Fu nel 1893 che Sergi fondò la Società romana di antropologia, sempre allo scopo di diffondere una «coltura che riguarda l’uomo nel senso più largo», perseguibile mediante lo studio dell’antropologia fisica, dell’etnologia, della psicologia sperimentale e comparata, e della sociologia. Così dichiarava lo statuto della Società, riportato nel primo numero degli Atti della Società romana di antropologia (pp. 3-5), rivista che venne ad affiancarsi all’Archivio per l’antropologia e l’etnologia, fondata nel 1871 dall’altro padre dell’antropologia italiana, Paolo Mantegazza.
Nel corso dei primi decenni del Novecento Sergi continuò a ribadire che gli antropologi, «come gli zoologi», dovevano essere biologi e naturalisti: studiare cioè l’uomo «come un mammifero», spiegando e classificando «forme e variazioni come in ogni altro vivente» e applicando all’uomo «le leggi che si sono scoperte per gli altri organismi, siano animali o vegetali», senza ricorrere a «leggi eccezionali, come se egli fosse fuori dalle leggi comuni a ogni vivente» (Presente e avvenire dell’antropologia, in Rivista di antropologia, 1911, vol. 16, p. 362). Continuò a insistere sul valore dell’educazione per migliorare la razza e frenare la degenerazione, «purché sotto la guida della biologia» (L’eugenica. Dalla biologia alla sociologia, ibid., 1914, vol. 19, p. 376) e dunque saldamente ancorata alla conoscenza scientifica.
Sostenne la necessità di effettuare anche in Italia studi di eugenica e genetica, da effettuarsi sempre su solide basi scientifiche, ma non dovette sfuggirgli la peculiare complessità delle scelte riguardanti l’umano, dal momento che rifiutò la sterilizzazione degli ‘individui degenerati’, soluzione all’epoca adottata da alcuni Stati del Nordamerica. Antimilitarista e pacifista, non aderì alla retorica razziale fascista nonostante numerosi tentativi di strumentalizzare i suoi studi sulle razze umane e presentarlo «come uno dei padri nobili del razzismo fascista» (Cassata, 2011, p. 100).
Autore di più di trecento pubblicazioni, e attivo fino all’ultimo, morì a Roma il 17 ottobre 1936 all’età di 95 anni.

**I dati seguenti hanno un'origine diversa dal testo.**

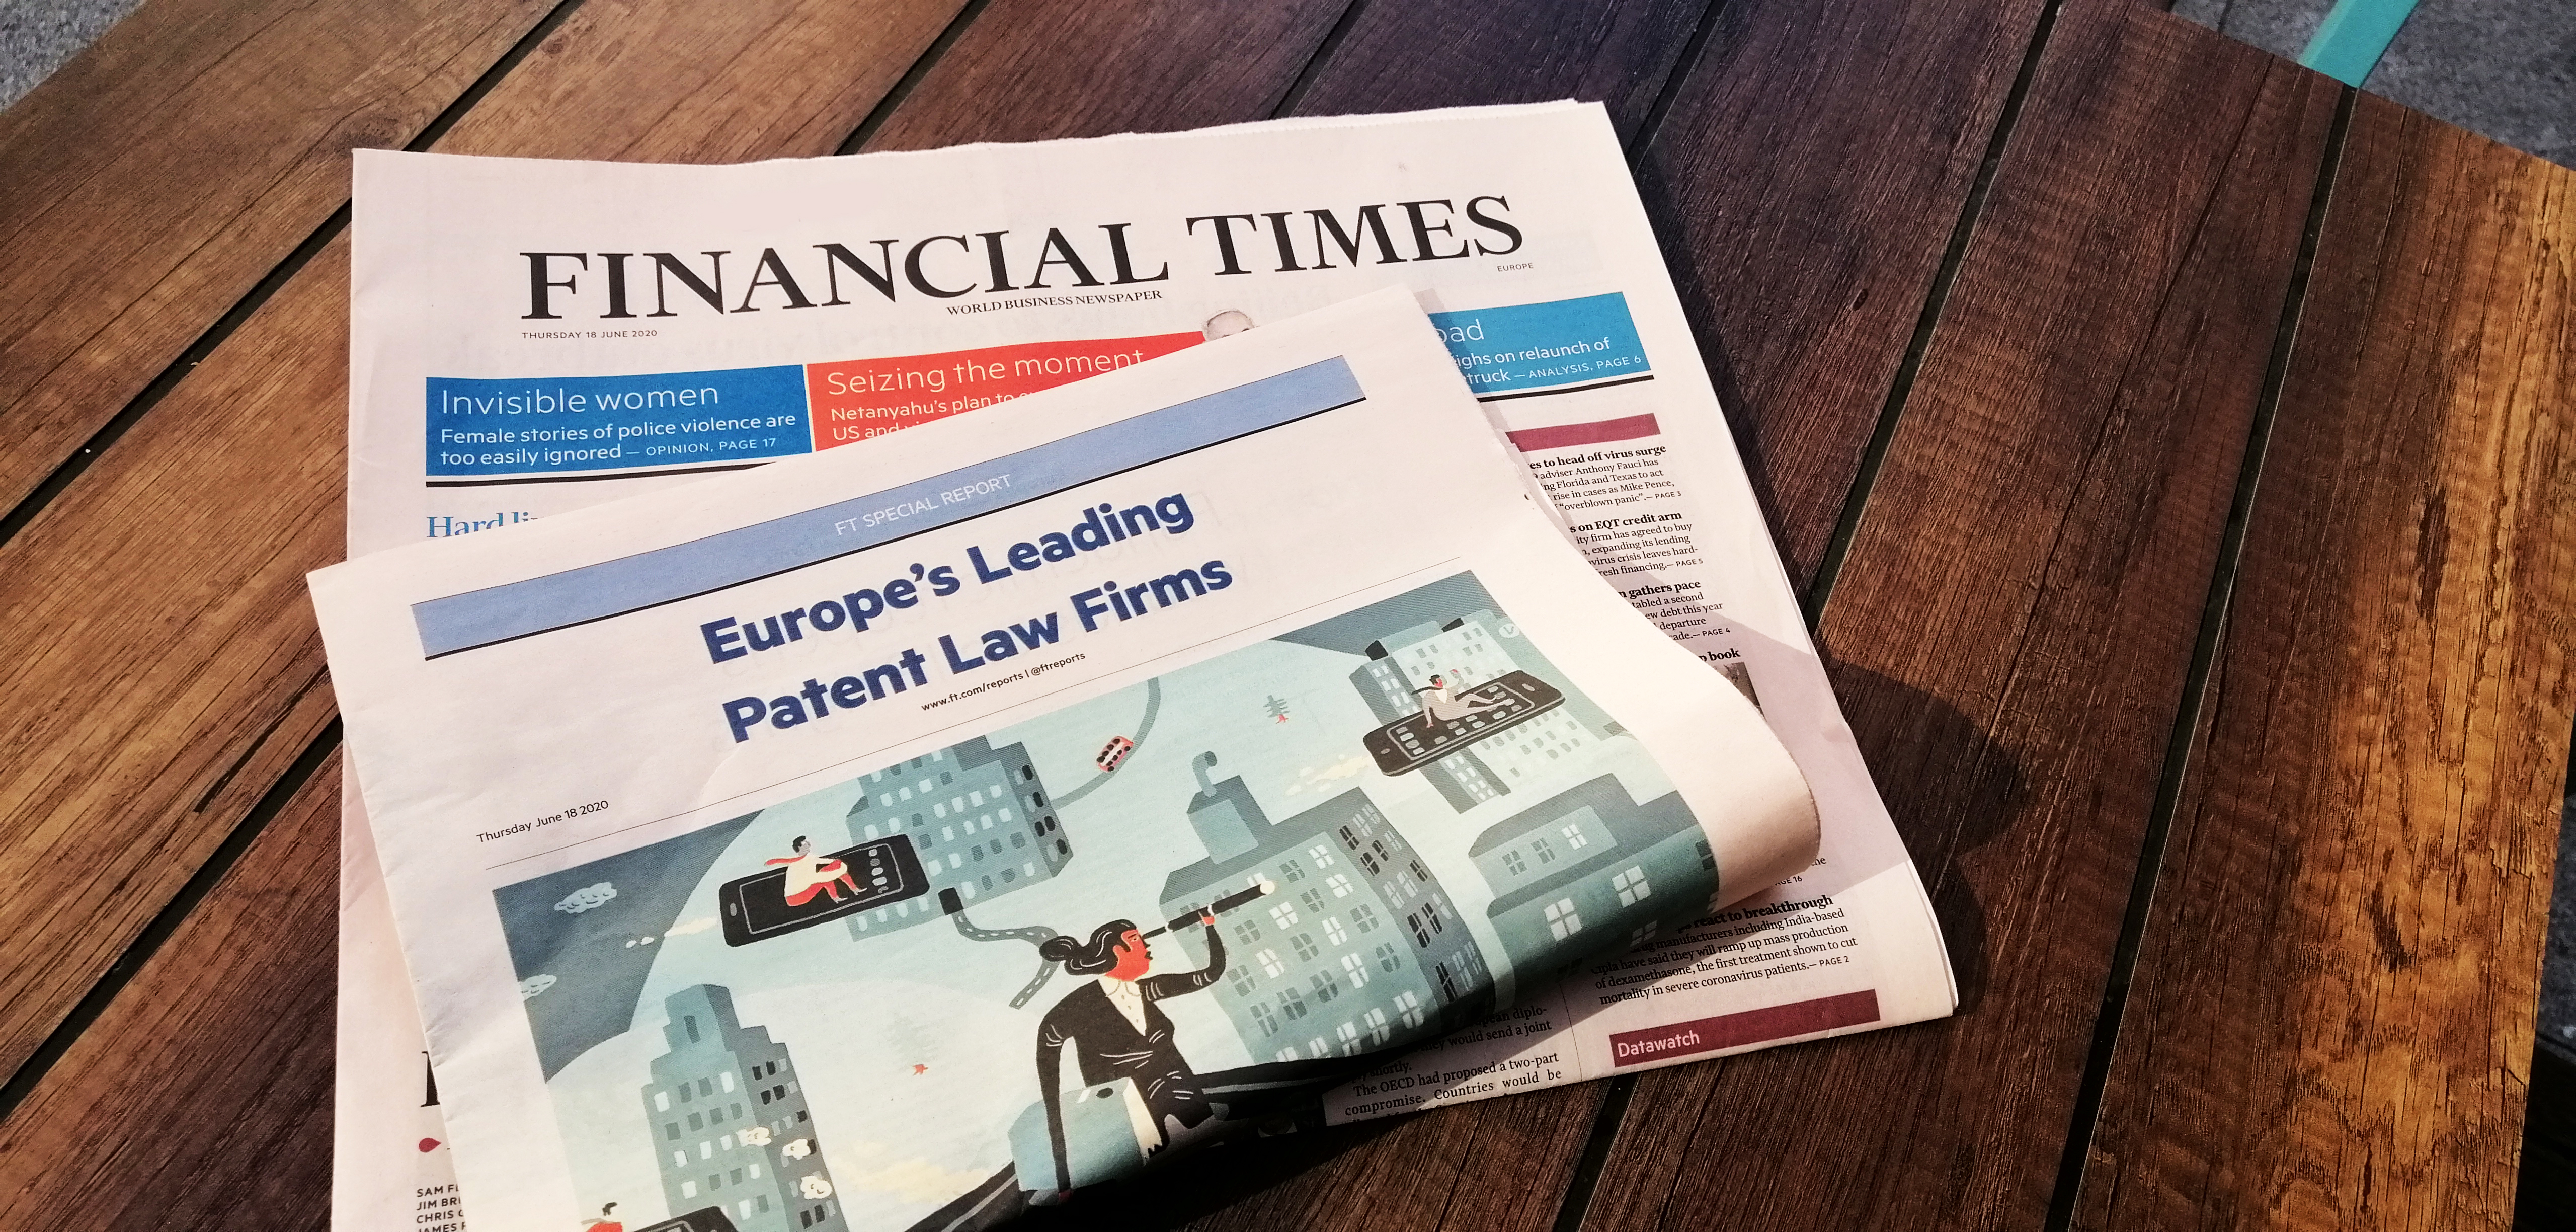 2019 - ABG Intellectual Property es la única firma española seleccionada por Financial Times en su “Europe’s Leading Patent Law Firms 2019”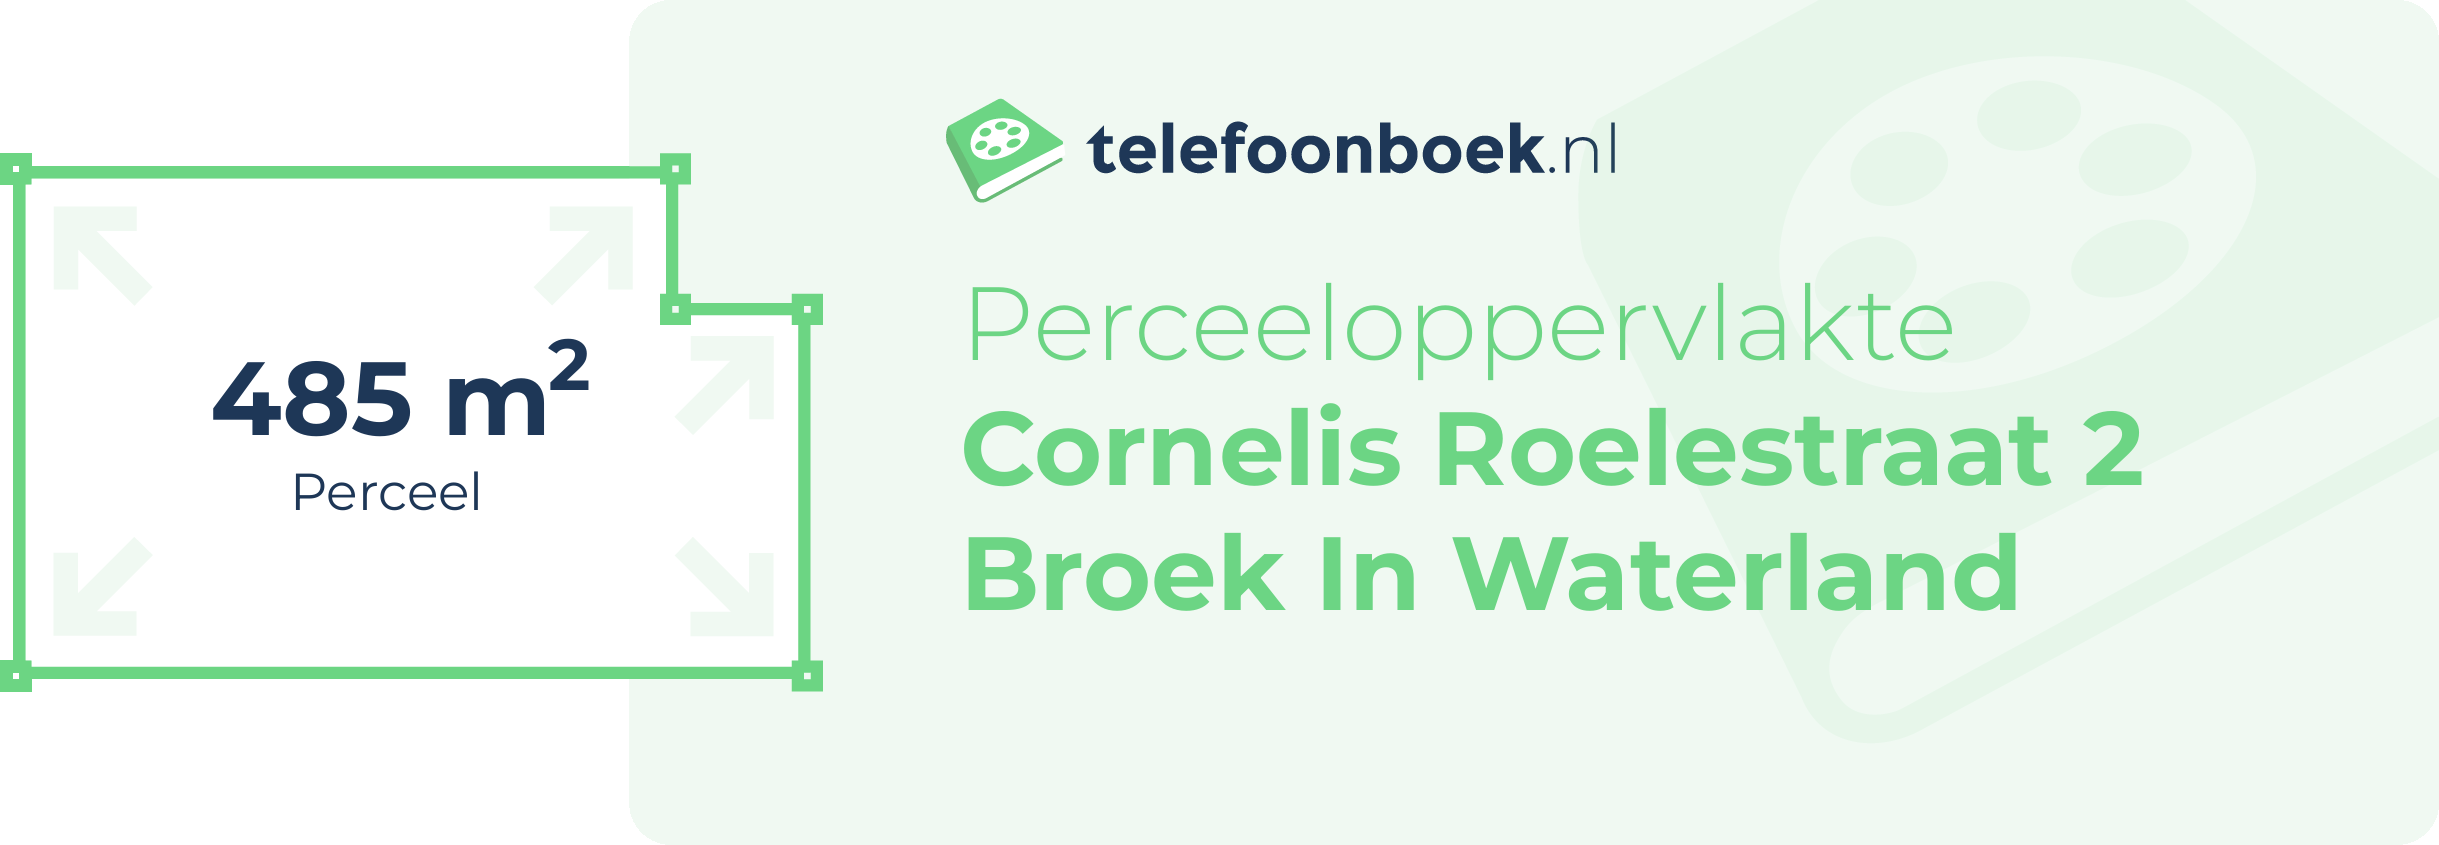 Perceeloppervlakte Cornelis Roelestraat 2 Broek In Waterland

Fonti e Bibl.: Le notizie anagrafiche e familiari sono conservate presso l’Archivio di Stato di Messina. Le notizie della carriera universitaria bolognese sono ricavate dal fascicolo personale – Giuseppe Sergi (n. 157) – conservato presso l’Archivio storico dell’Università di Bologna. Il fascicolo personale conservato dall’Archivio storico dell’Università Sapienza di Roma risulta vuoto.
Tutte le altre notizie in: S. Sergi, G. S. (necrologio), in Rivista di antropologia, 1935-1937, vol. 31, pp. V-XXVII, che comprende l’elenco delle pubblicazioni di Giuseppe Sergi; S. Marhaba, Lineamenti della psicologia italiana: 1870-1945, Firenze 1981, pp. 45-49; G. S. nella storia della psicologia e dell’antropologia in Italia, a cura di G. Mucciarelli, Bologna 1987; C. Camporesi, Genesi mediterranea. Saggio storico filosofico su G. S., Bologna 1991; S. Puccini, L’Antropologia a Roma tra G. e Sergio S. in Rivista di antropologia, 1993, vol. 71, pp. 229-247; V.P. Babini, La questione dei frenastenici. Alle origini della psicologia scientifica in Italia (1870-1910), Milano 1996, pp. 28-34, 49-57, 91-96; V.P. Babini - L. Lama, Una «donna nuova». Il femminismo scientifico di Maria Montessori, Milano 2003, pp. 53-60, 104-147; F. Cassata, L’eugenica di G. S., in Se vi sono donne di genio. Appunti di viaggio nell’antropologia dall’Unità d’Italia a oggi, a cura di A. Volpone - G. Destro-Bisol, Roma 2011, pp. 92-100.